The buffering changes the shape of the received AP: it integrates the input axonal current and distorts the received AP’s shape toward a PSP: there is no AIS in the axon (no oscillator). Most schematic figures showing signal transmission from a presynaptic neuron to a postsynaptic neuron miss the point that at the synapse, the AP appears as having a different shape. Furthermore, they misidentify the temporal length of AP essentially to a period between the beginning of the charge-up to the end of reaching the hyperpolarization peak voltage (comprising the ’Delivering’ stage and some part of ’Relaxing’). Our discussion shows that the stage ’Computing’ (reaching the threshold potential) and ’Relaxing’ (the long tail after hyperpolarization) are a vital part of AP. The former is the result of the neuronal computation and the latter (among others) provides short-term neuronal memory for neuronal cooperation.

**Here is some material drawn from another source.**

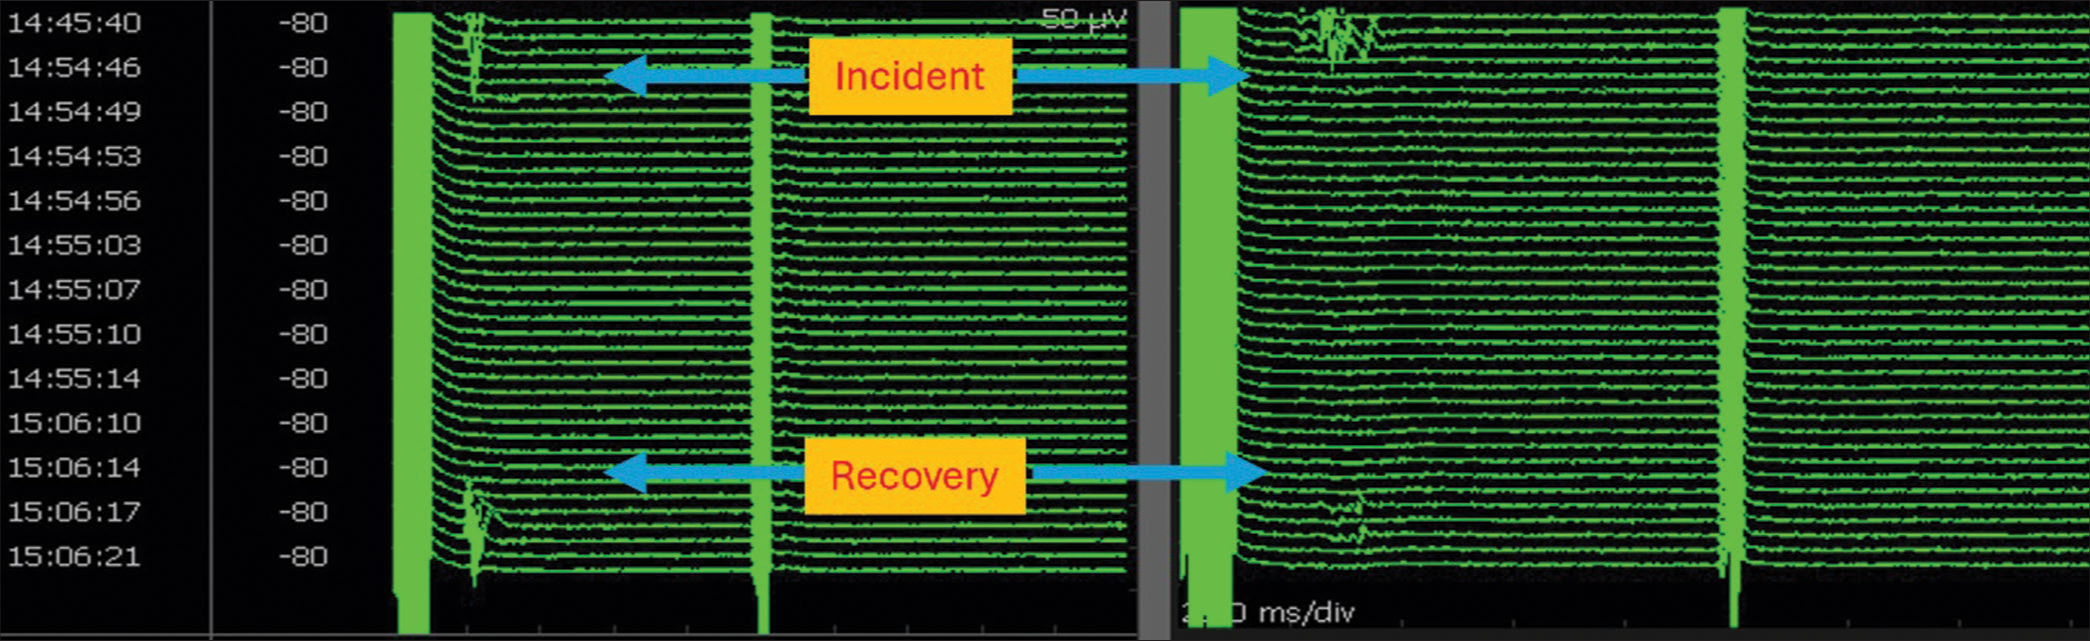 Stack view of facial motor-evoked potentials (FMEP) drop followed by recovery following bipolar cautery to arrest bleeding: illustrated channels are oculi (left) and oris (right). There were no concomitant neurotonic discharges. Note from the timestamp that it took about 12 min for the FMEP drop to recover. During this time, surgical pause was initiated, blood pressure was raised, and papaverine was irrigated. This is a classical illustration of the identification of an ongoing facial nerve injury at an early reversible stage using FMEPs and initiation of corrective measures resulting in near-total recovery. Surgery was resumed following recovery.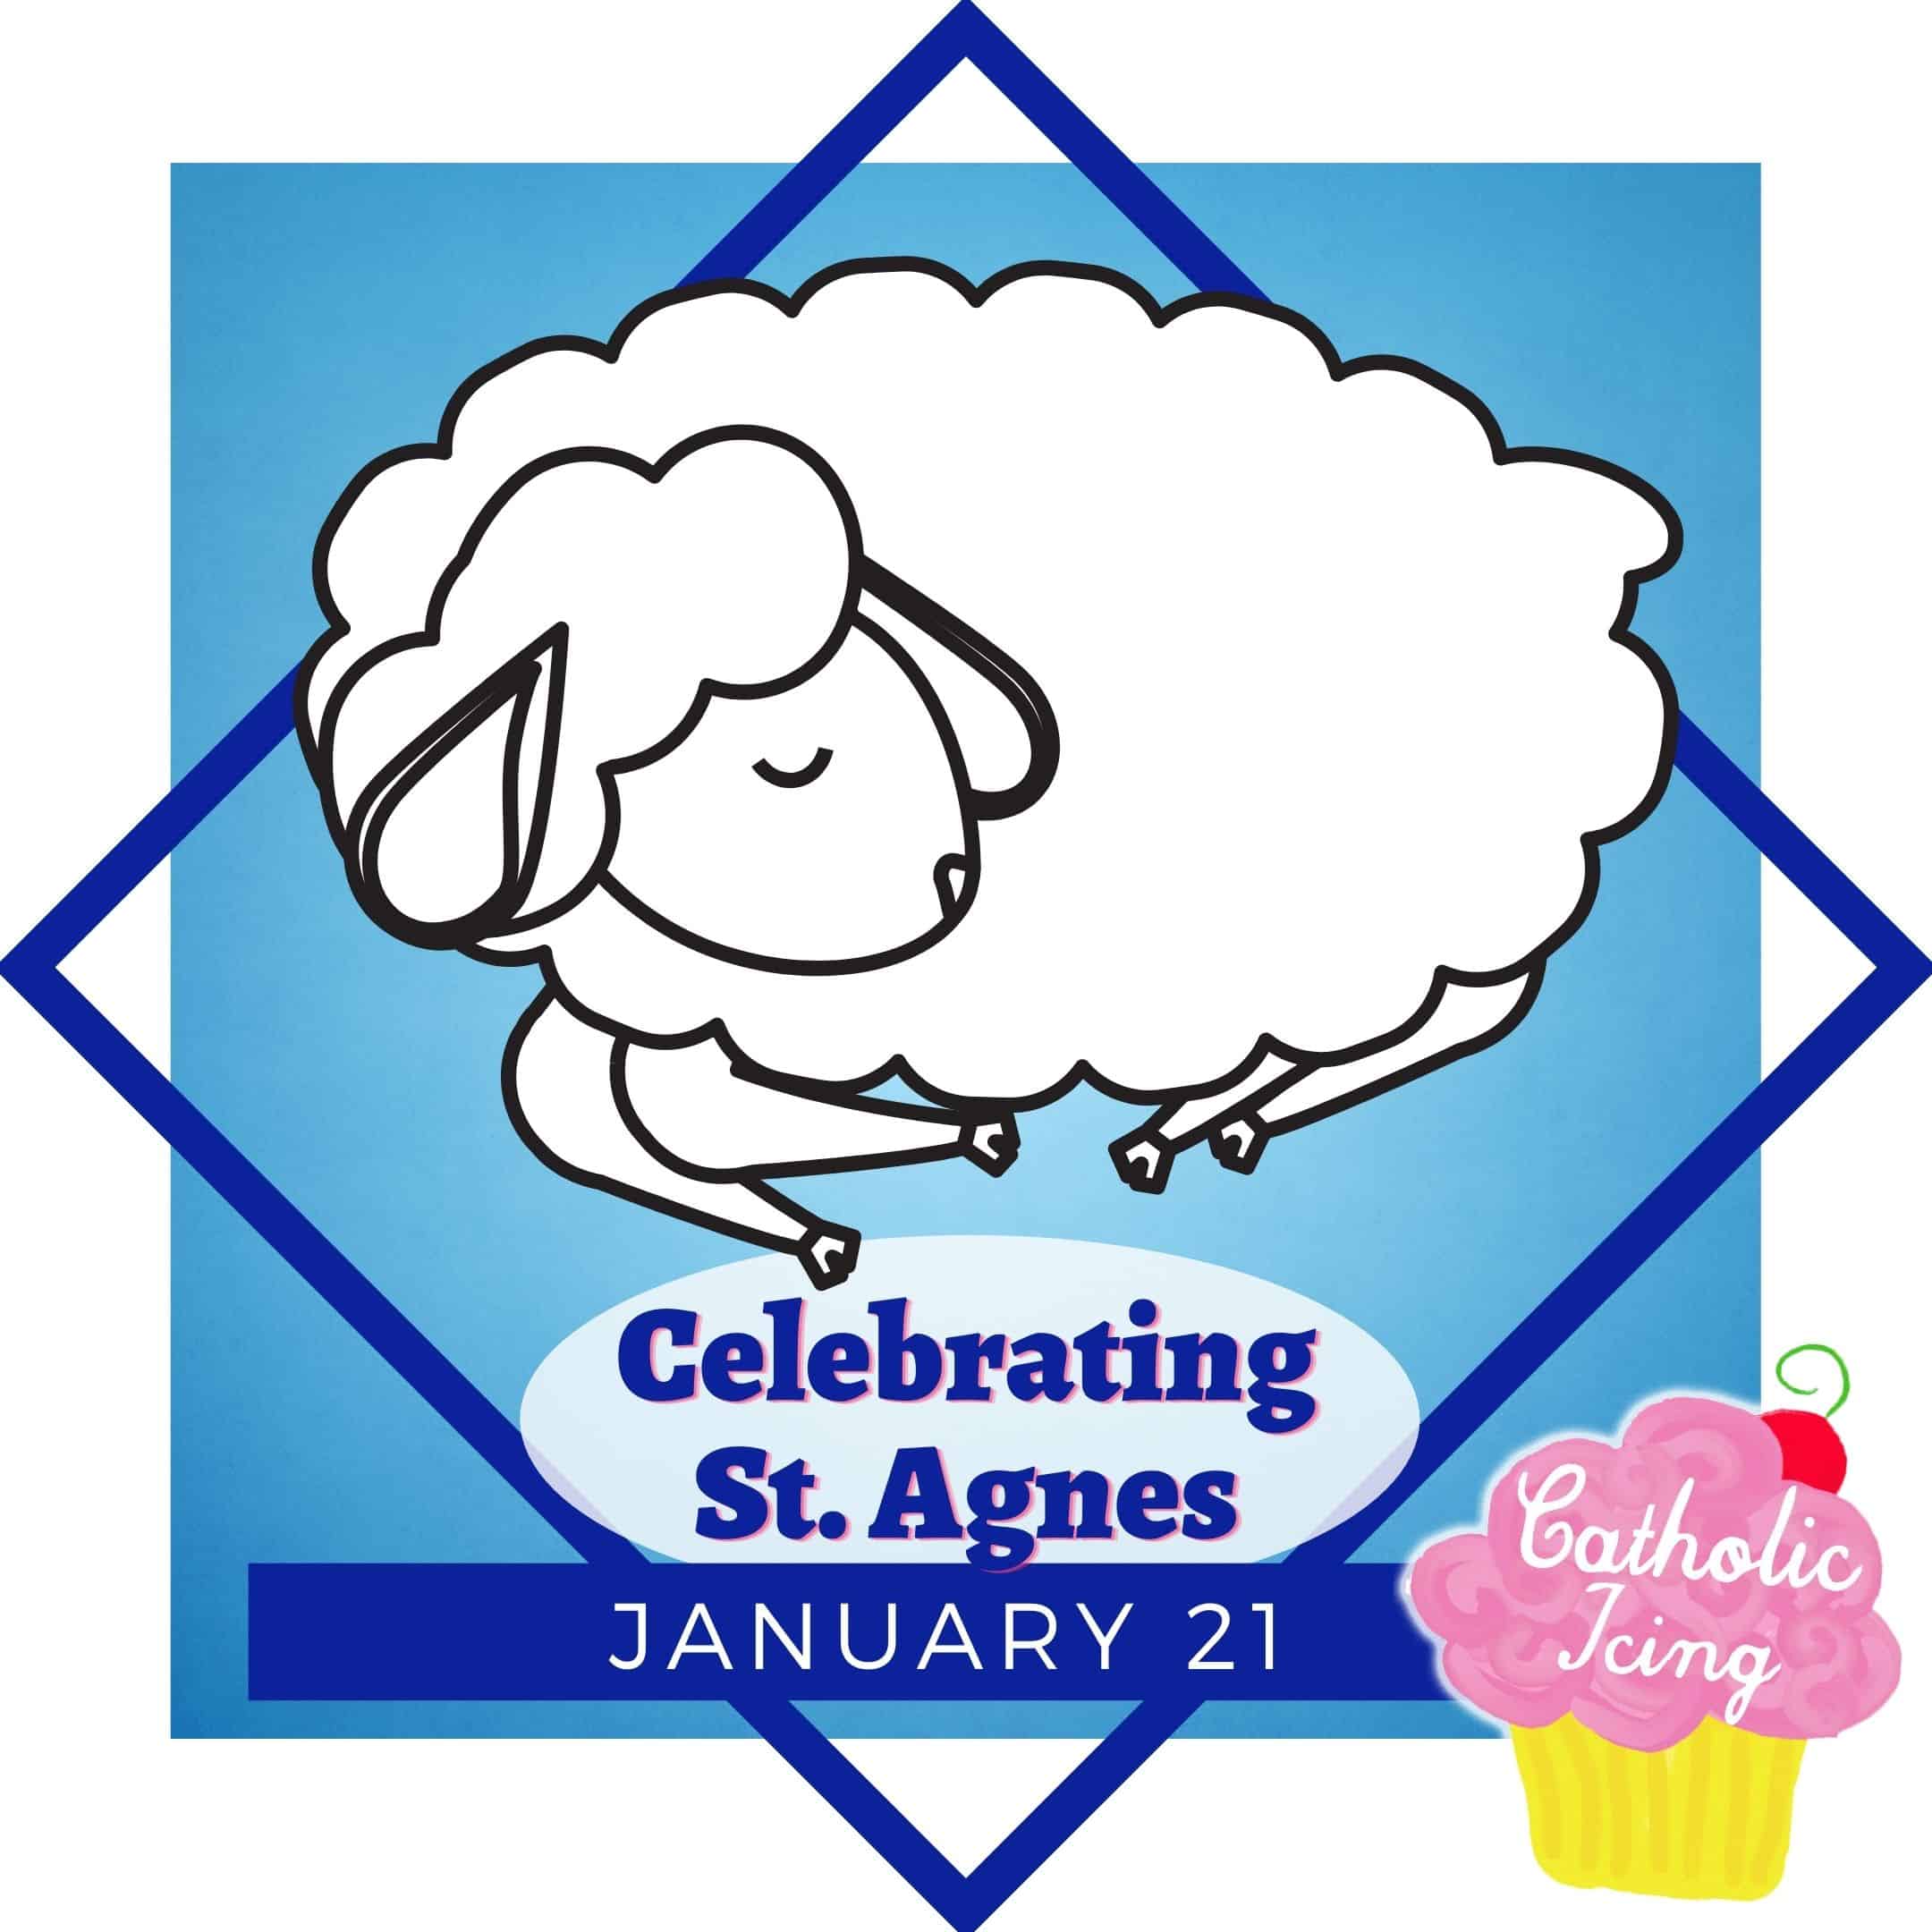 Celebrating the feast day of st agnes with kids

The intense current from this buffer starts to charge the membrane and discharge the arbor. We arrive back at the case we saw in the case of a clamping where a ”slow” axonal input current from the arbor arrived at the membrane at its junction. It flows with its finite speed on the membrane’s surface, while, at the same time, the newly created potential decays exponentially. Initially, while the buffer is charging, the current increases exponentially as the spike arrives, manifesting in the observable PSP. We can validate our model-based hypothesis by fitting experimental data; see section 3.9.